Results: Initially, 26 evaluable patients were treated at the 1.5 mg/m(2)/dose level. Objective response rate was 3.8% (1/26), a partial response. An additional 10 patients (38.5%) had stable disease. Given concerns that treatment discontinuations due to toxicity limited drug exposure/activity a second cohort of 29 evaluable patients was accrued at 1.3 mg/m(2)/dose. The 1.3 mg/m(2)/dose regimen is currently approved as an indication for multiple myeloma and mantle cell lymphoma. Treatment was more tolerable, although objective responses remained low at 6.9% (2/29, partial responses).
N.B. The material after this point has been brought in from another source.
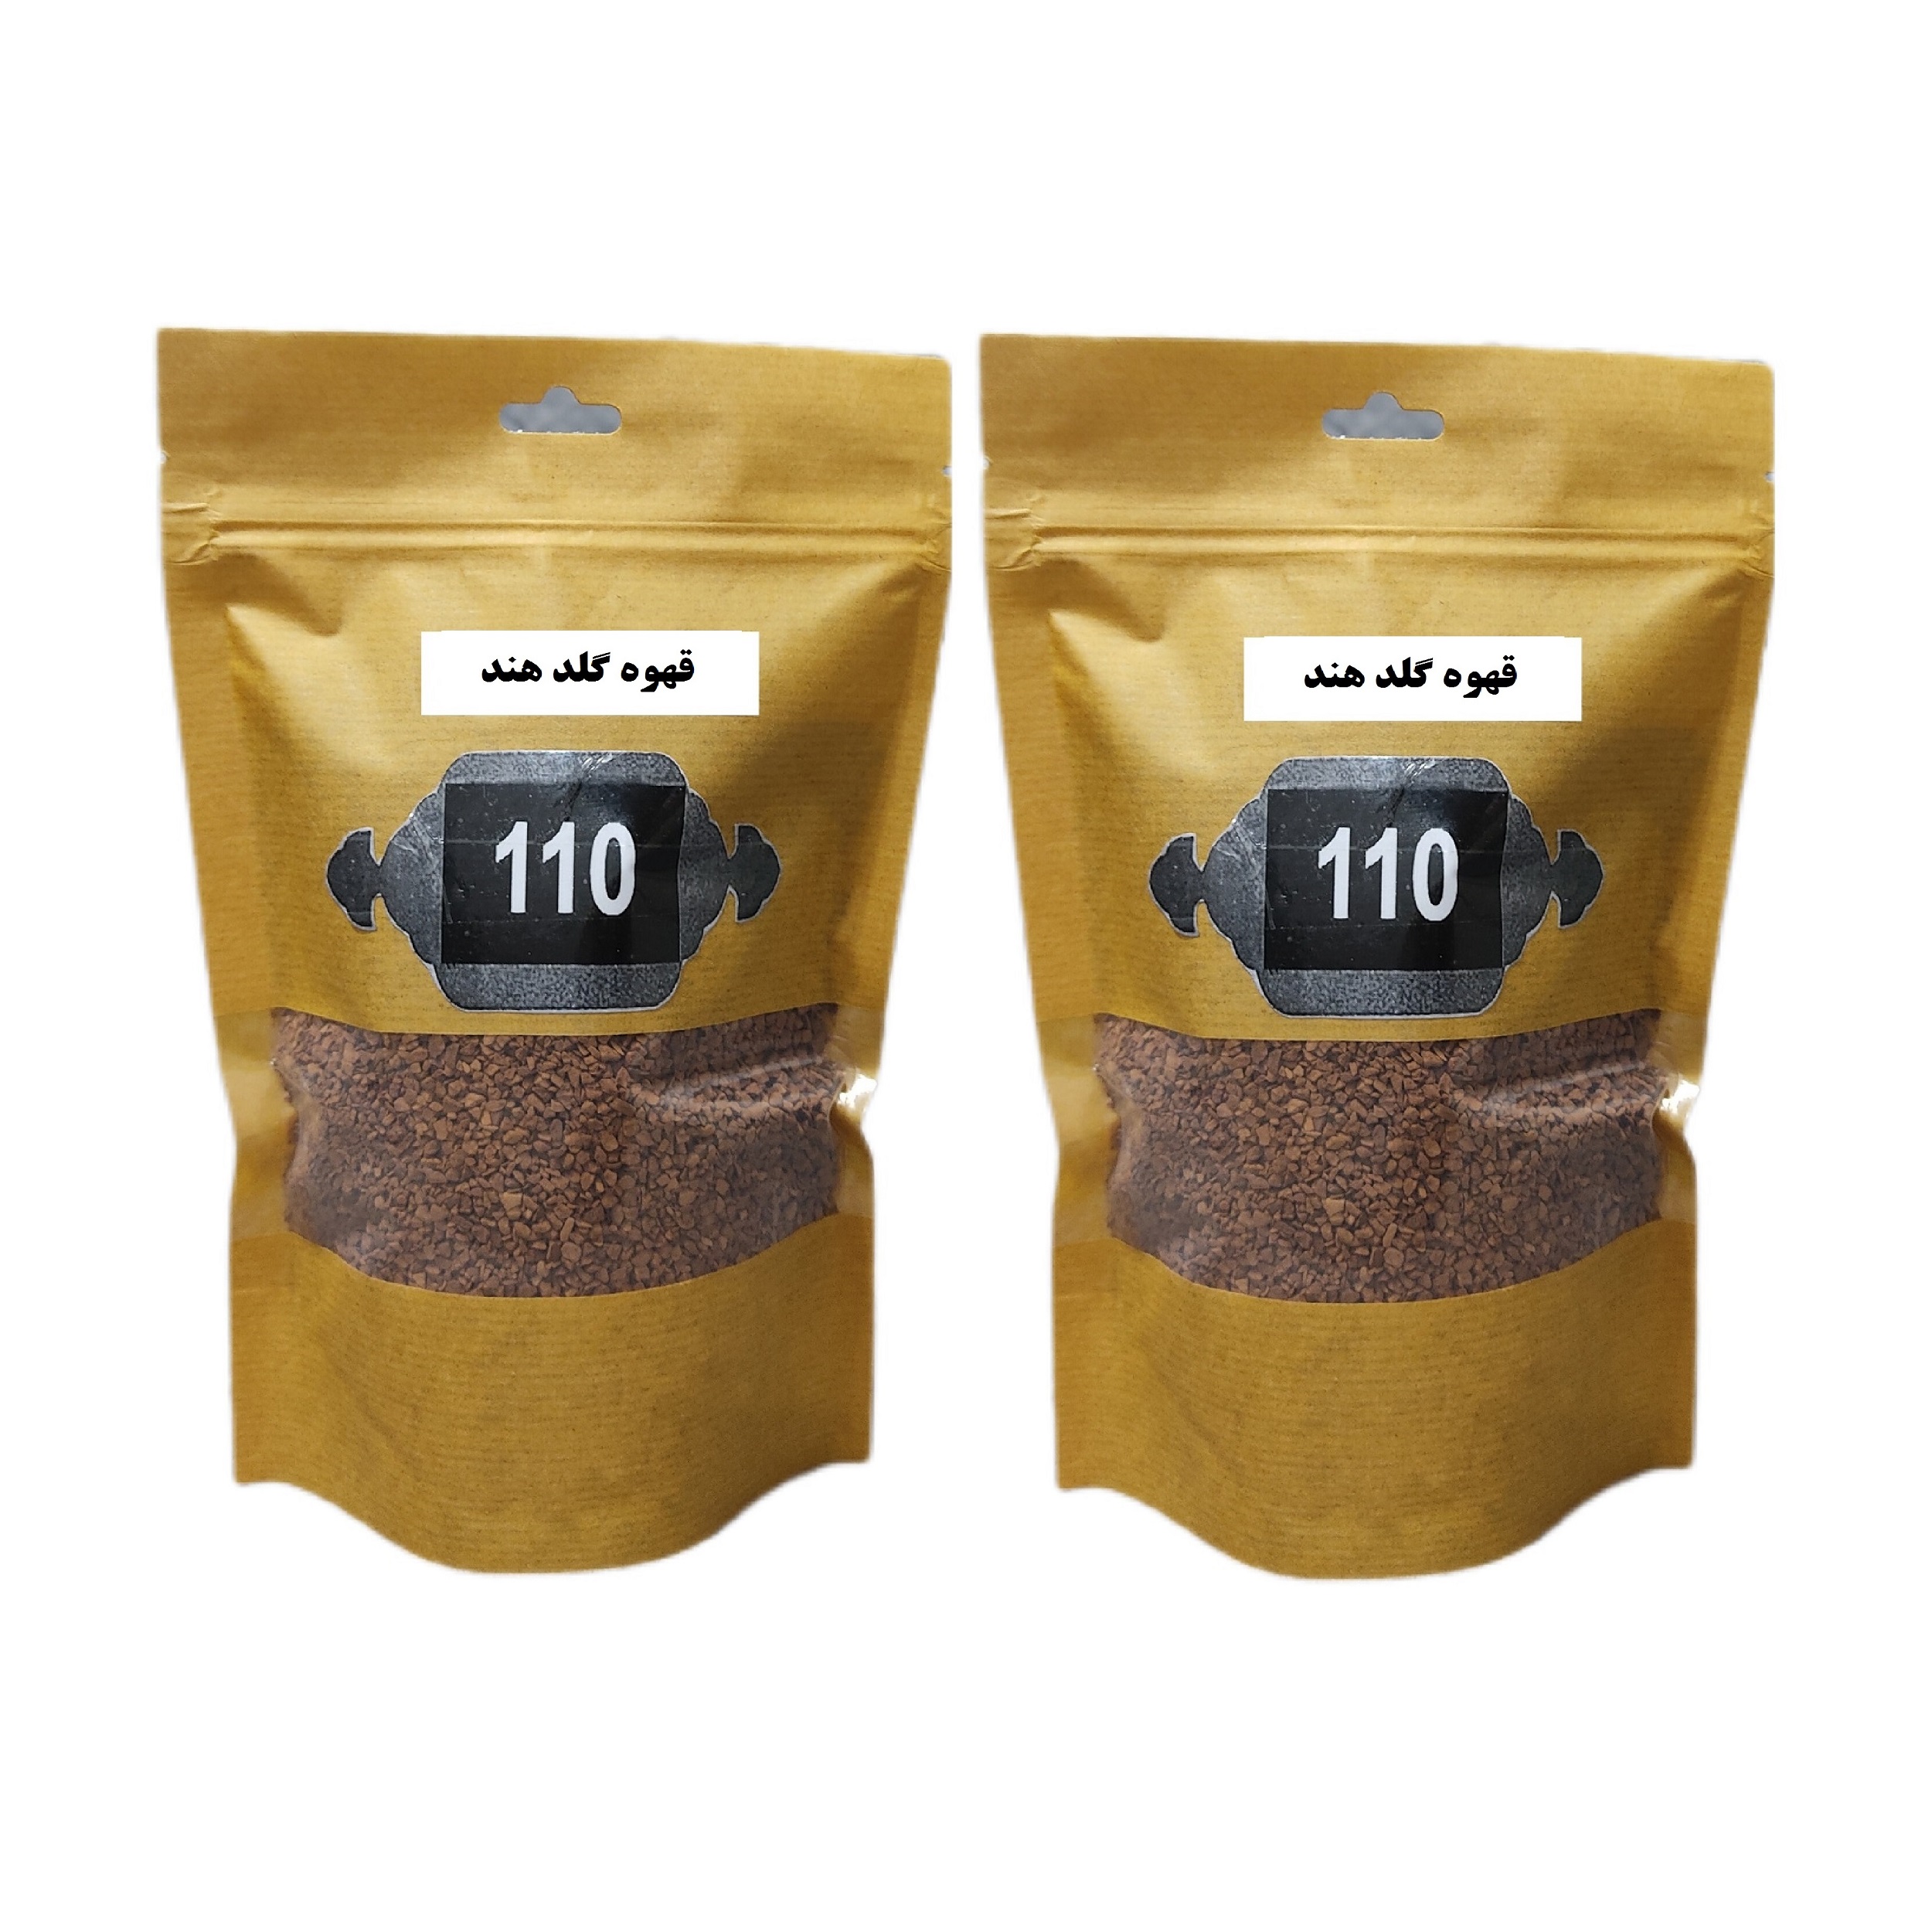 قهوه گلد هند 110 -100 گرم بسته 2 عددی

Second stage accrual was not warranted at either dose. Bortezomib effectively inhibited 20S proteasome activity in whole blood lysates between 37 and 92% in 24/25 (96%) patients in cohort I, and 14-84% in 27/28 (96%) patients in cohort II who provided satisfactory pre- and post-treatment specimens for testing.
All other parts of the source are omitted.